As someone who once found himself at the sharp end of a wrist blade, Black appreciates that viscera need to fly. And fly they do, freely and often, in a propulsive, self-knowingly OTT action-chase narrative that starts strongly as The Loonies buddy up with rogue sniper Quinn Mckenna (Holbrook) and Munn’s spiky egghead to tackle the titular “space-alien” — and the upgraded, unfortunately Cgi-dependent, Hulk-like mega-pred that’s on its tail.
But there is a malicious gleefulness to the violence that unmoors the story as the rampage rumbles on. It is one thing to have Predators gutting, filleting and exploding people all over the shop, but to show Mckenna coldly kill a man with a tranquiliser dart shot into his eyeball at point-blank range — in front of his young son (Tremblay), no less — then joke about it displays a squirmy absence of empathy.

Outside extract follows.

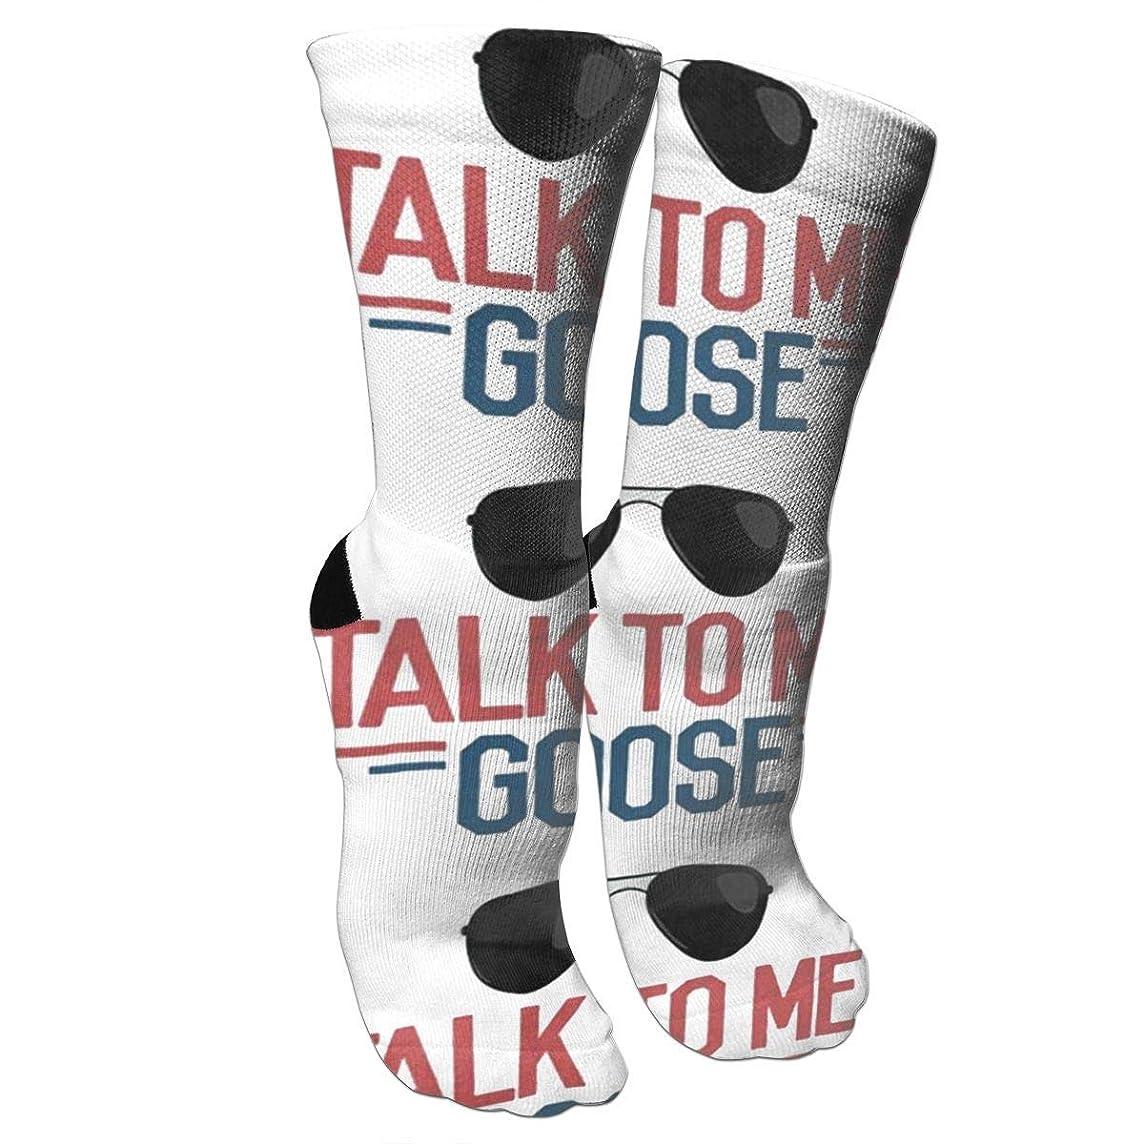 HUSIAJPK New Talk Goose New Parents Funny Saying Baby Onesie Bodysuit Athletic Tube Stockings Women's Men's Classics Knee High Socks Sport Long Sock One Size

There’s also a sloppy choppiness to the action that renders later sequences virtually senseless. Black cuts and zips around so frantically that fine detail is smeared and potentially good gags (including one involving a character wearing a Predator shoulder-cannon) go barely registered. He’s having such fun being an ’80s action gore-hound kid again, he’s forgotten that viewers actually need to follow the game he’s playing.

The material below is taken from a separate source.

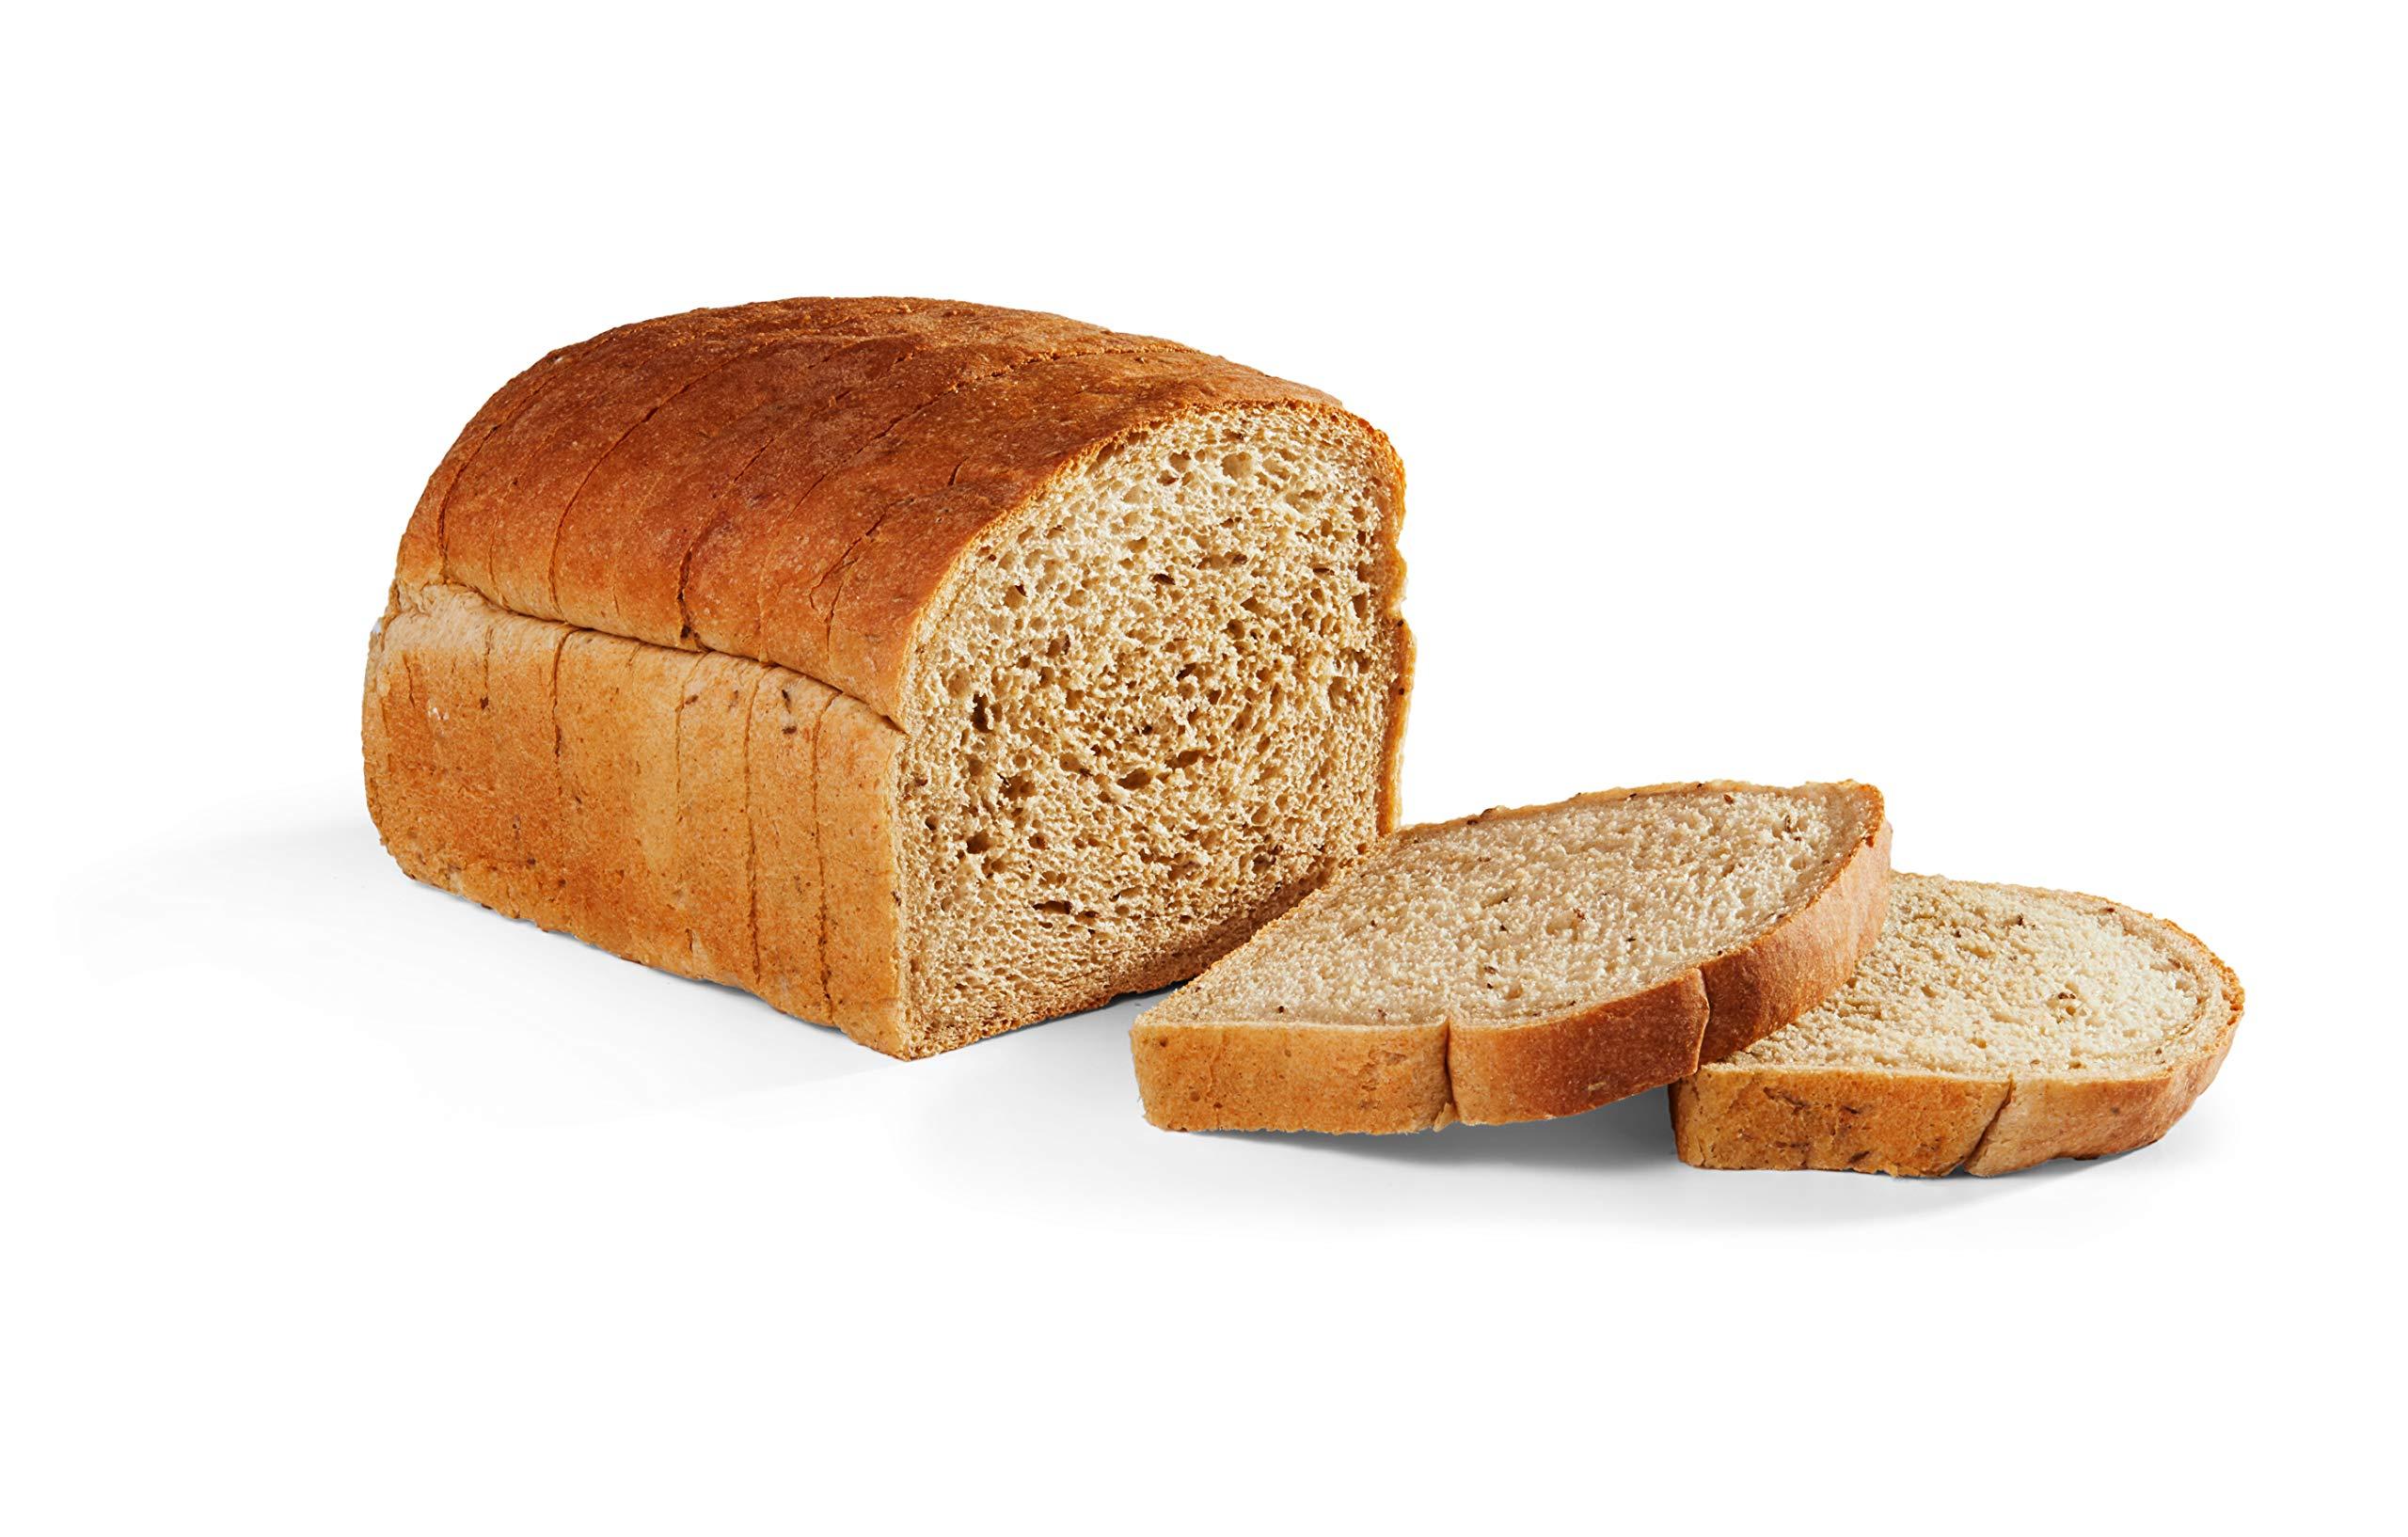 Klosterman Premium Rye Bread 24 oz Pack of 8

Still, the film benefits from a scrappy, sardonic appeal to the character interplay (if rather retrograde in its attitude to mental issues), with a solid, winning supporting class, including Sterling K. Brown as a snide Predator-hunter who doesn’t get the screen time he deserves. And Black and Dekker build on the lore in an intriguing way that fans might appreciate as much as they do the writers’ droll respect for the original.
VERDICT Uneven, occasionally unsavoury and at times frustratingly muddled, but there’s enough bloody, ’80s-style fun in The Predator to give it a pass from long-term fans.